On the night of Friday, 20 May I participated in a march held annually in the city of Montevideo, Uruguay since 1996. Similar marches were held in cities and towns in every part of the country.

Participants in the March of Silence 2022, Montevideo, Uruguay

On the main street, 18 July, that runs east to west from the old city to the city’s largest park, tens of thousands came out to walk silently (or at least with a murmuring whisper) in memory of the disappeared.

The poster reproduced here is an example of the 197 different posters carried by some of the participants in the march– one for each of the Uruguayan nationals disappeared by the United States backed civil and military dictatorship that gripped the country from 1973 to 1985.
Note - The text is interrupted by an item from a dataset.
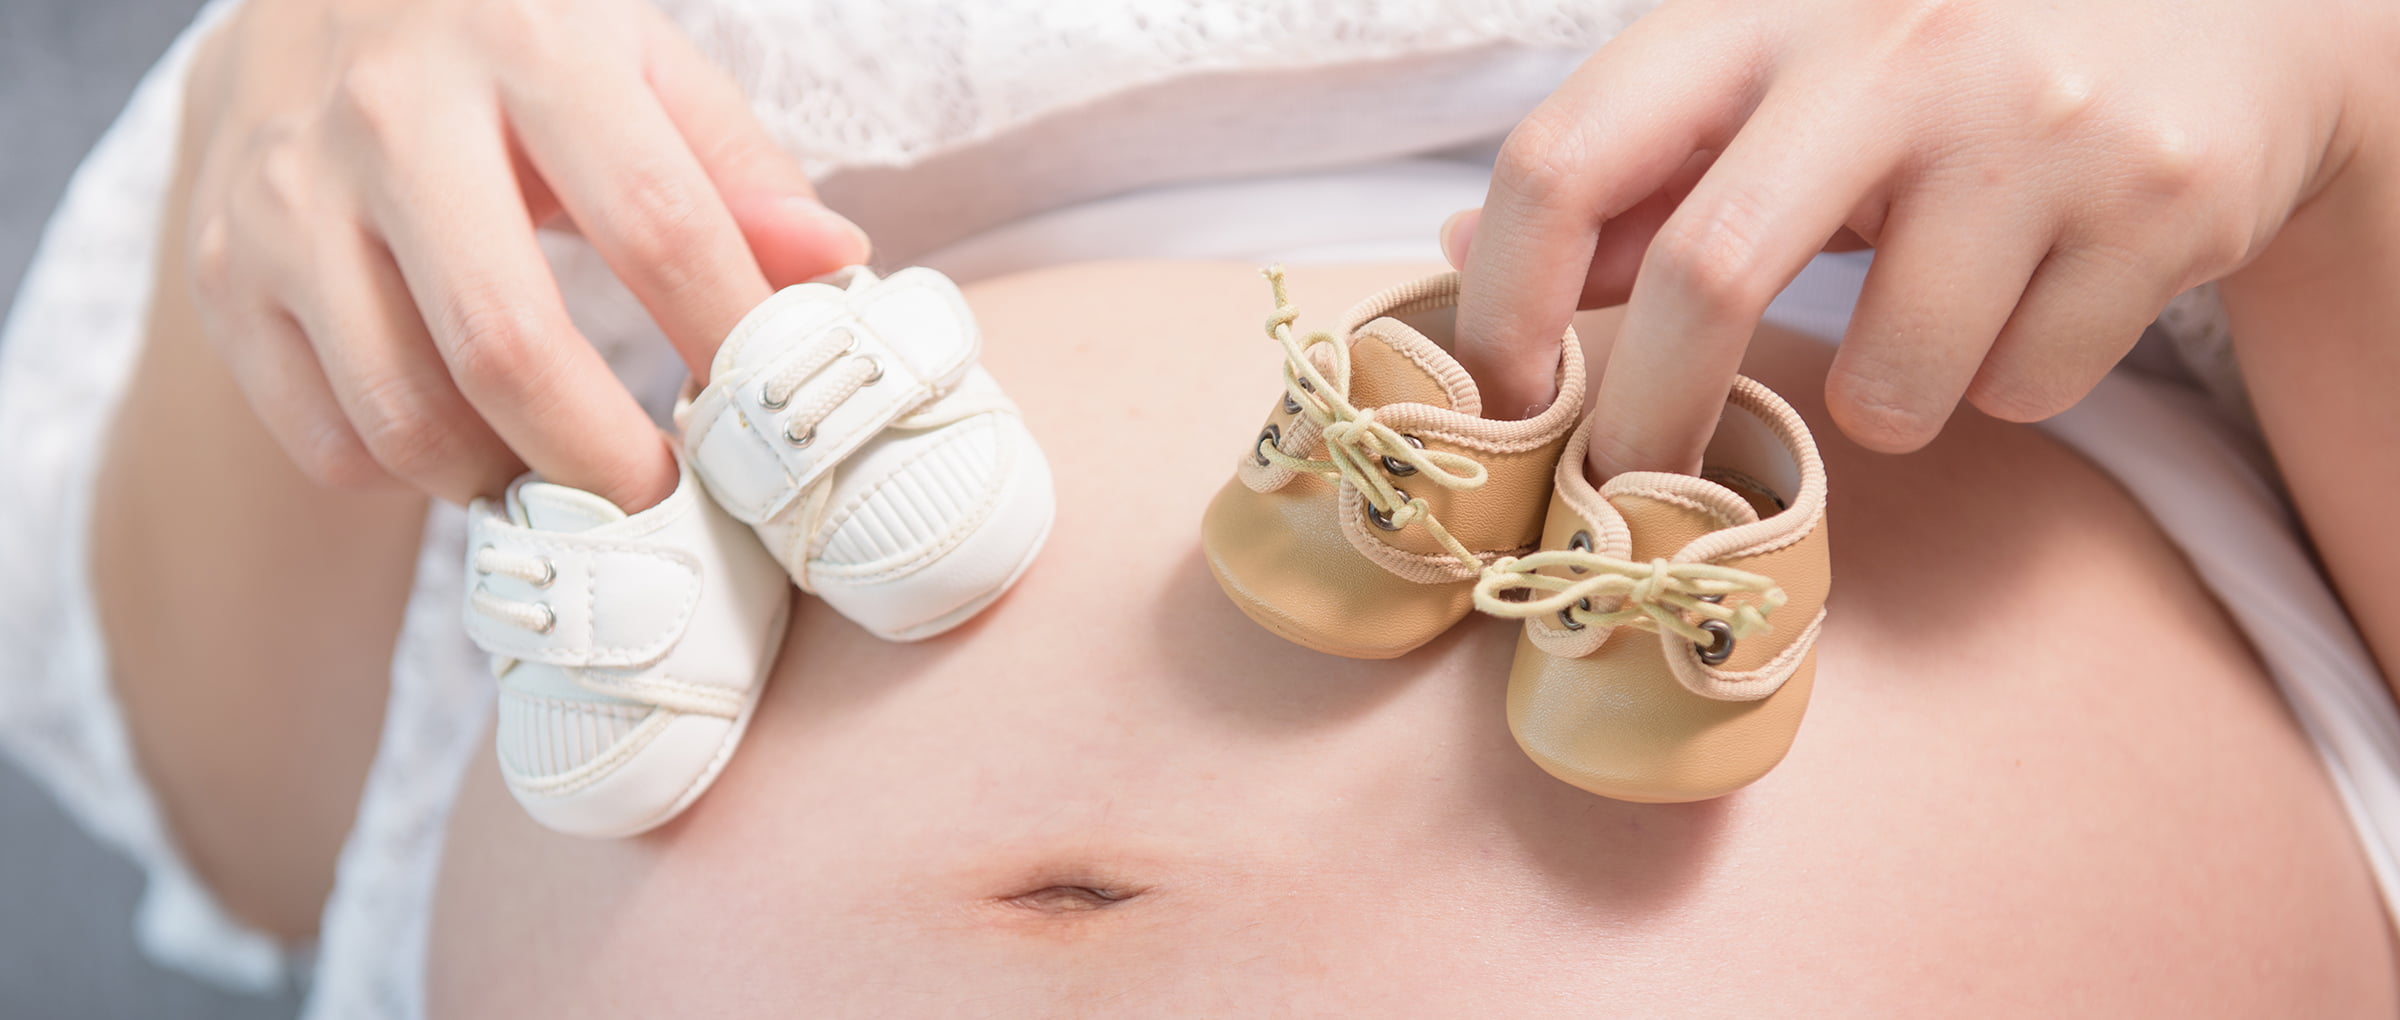 Une mère porteuse met au monde deux bébés génétiquement différents

Lila Epelbaum Slotopolsky was detained, taken prisoner by her government in Maldonado, Uruguay on the fourth of November, 1976. Her family and friends never saw nor heard from her again. They only know that she was secretly murdered by the state and her body secretly disposed of. She is one of 197 desaparecidos (disappeared) during that brutal period of suppression.

Lila Epelbaum Slotopolsky

The U.S. State Department under leadership of Henry Kissinger and the Central Intelligence Agency under leadership of George H.W. Bush, then Admiral Stansfield Turner, then William J. Casey implemented Operation Condor under the administrations of President Richard Nixon and President Gerald Ford.

In Argentina, Chile, and Uruguay people feared by those governments and by the United States for their dissident viewpoints and outspoken opposition, labeled “subversives”, were detained without trial and often killed. One method of disappearing “subversives” was to fly them out over the ocean and dump them out of the plane. This took care of both the murder of the individual and disposal of their body. Very efficient.

The people marching in Montevideo Friday night want to keep their government accountable, forty-five years later, for the crimes of the state during that period– primarily the murder of 197 people. This is 197 too many and not a big number. So you see that Uruguayans have a low threshold of tolerance for state sponsored murder. I would say, and infringement of liberties in general. More, they insist that their government be accountable to them.

March of Silence 2022 Calle 18 Julio, Montevideo, Uruguay

We stand together, moving slowly forward, silently, present. Present with thousands who are present. Present with 197 who died for being outspoken against living under the dictates of a government that ruled at the point of a gun.

The front of the march reaches Plaza de Cagancha, also known as Plaza Libertad, liberty place. A public address system plays the national anthem and all present sing together:

Liberty or death. That which our hearts and souls demand. Liberty. That which heroes will know to accomplish.

I love it. It characterizes liberty not as something to be had or taken, but rather something to demand, and to accomplish continually through heroic choices.

As in the state of New Hampshire, the call of the patriots, “Liberty or Death”. To always demand liberty, even if that requires accepting death (an eventual certainty) as a proximate possibility.